Yesterday was a tough day, as I learned from a friend that she was afraid her husband, also a friend, might be dying. Just a few days ago, he was taken from the rehab center where he is undergoing physical therapy to the hospital, then put in intensive care.  His breathing is labored, fluid on his lungs makes it hard to get enough oxygen in his blood, he is in renal failure, and he slips in and out of conscious coherence.  My wife and sister-in-law and I went to the hospital to see them, but could only see her because our arrival did not coincide with extremely limited visiting hours.  But we took her to lunch and talked and listened and tried to make the best of an awful situation.
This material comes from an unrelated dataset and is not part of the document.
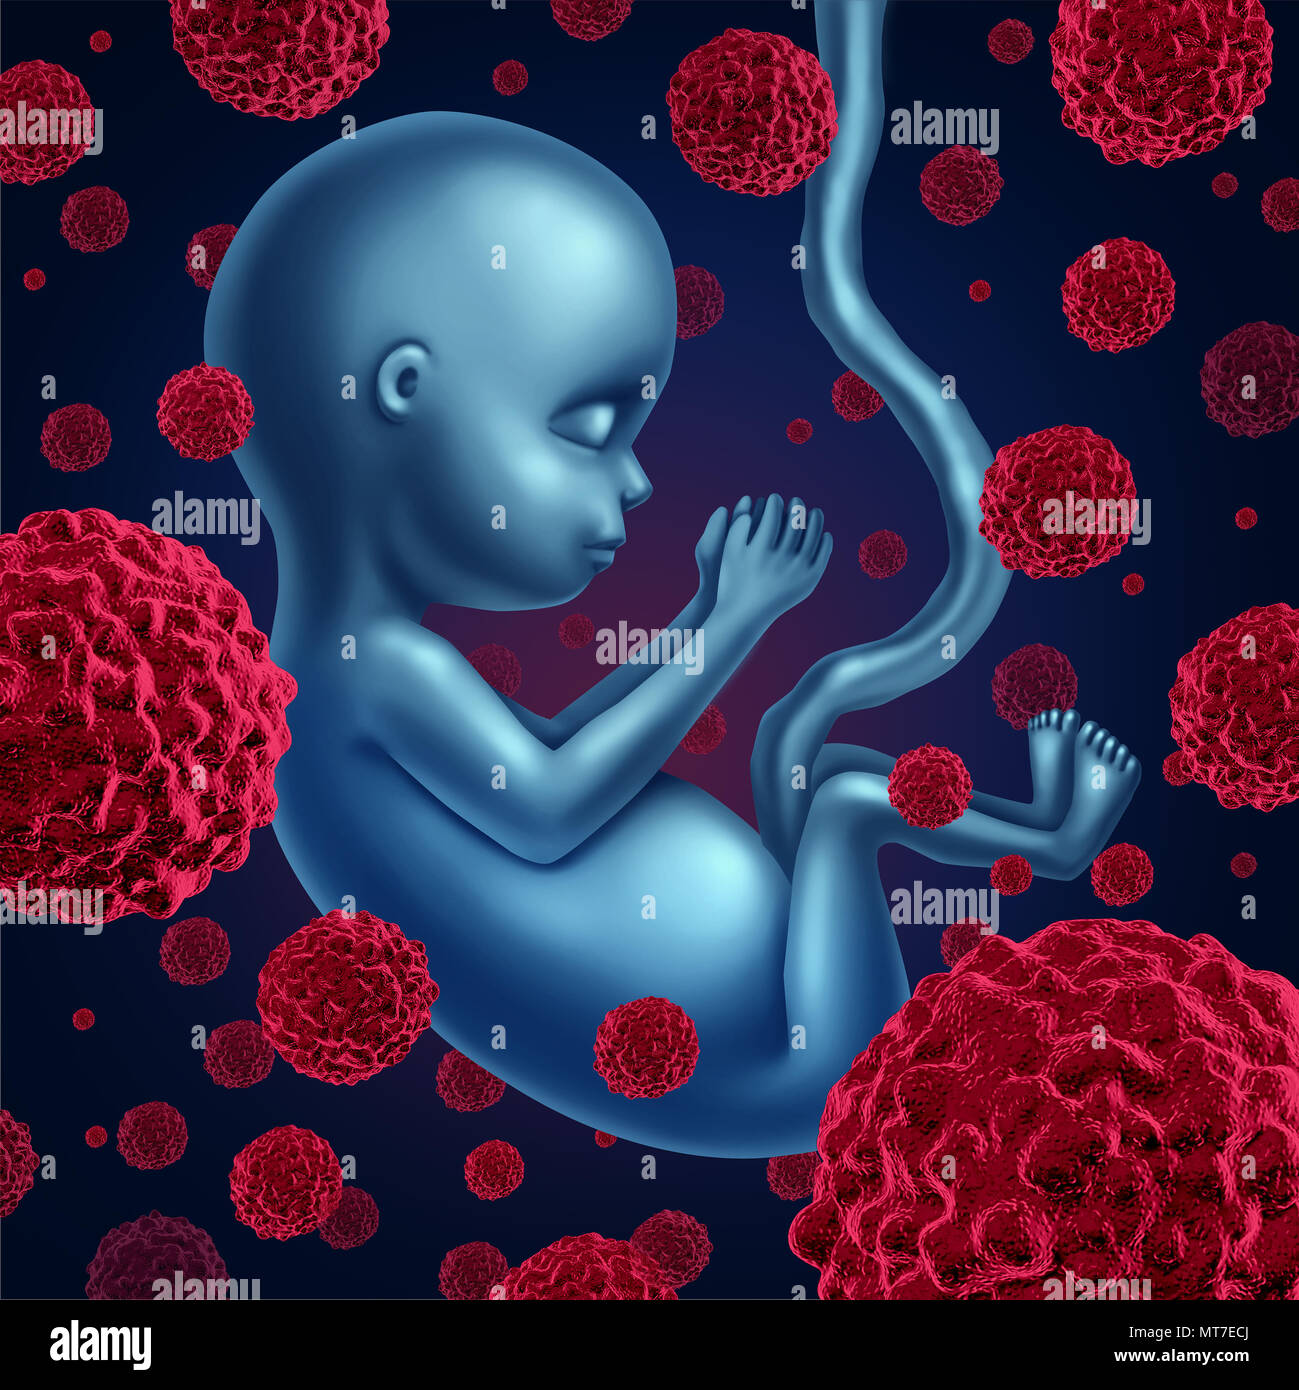 Feto cancro e malattie del feto come una prenatale malattia maligna e un simbolo di salute per tumore carcinomi con 3D'illustrazione degli elementi. Foto Stock

Today, my friend sent me a text. No longer was it just her fear; the doctors had as much as said they were doing all they could, but it would be just a matter of time before either the heart, the lungs, or the kidneys would give out completely. They suggested moving him, when he is stable enough, to hospice.

When I got the text, I tried to respond, but my attempt failed; I was in a “dead zone” in which I could receive an occasional text, but mine could not be sent. So I left my pottery class and headed to the hospital.  I saw her sitting outside the front door on a bench. Just as I arrived, another friend drove up.  The three of us went out to lunch to escape the hospital; again, visiting hours had just ended and she had not been allowed to stay.

She talked about his condition and what she was doing to plan for the inevitable. She is remarkably strong, in light of the circumstances, but there are cracks in that steel case.  She listened to a voice message from his granddaughter that came in while she had been in ICU earlier in the day; it caused her to tear up.  She played it on speaker phone. These are not the exact words of the voicemail, but they are close, I think:

Grandma, please tell grandpa I love him. Could you play this message on speaker phone for him?  Grandpa, I love you. Whatever happens in the hospital, whether it goes well or not…I just want to let you know you’re the best grandpa I’ve ever had…I love you so much (here, she breaks into sobs)…oh, maybe you better not play this for him. But please hug him for me. I love you grandma…(more sobs) goodbye.

She explained that he wasn’t even her natural grandfather but a grandfather by second marriage. My friend and her granddaughter weren’t the only ones in tears.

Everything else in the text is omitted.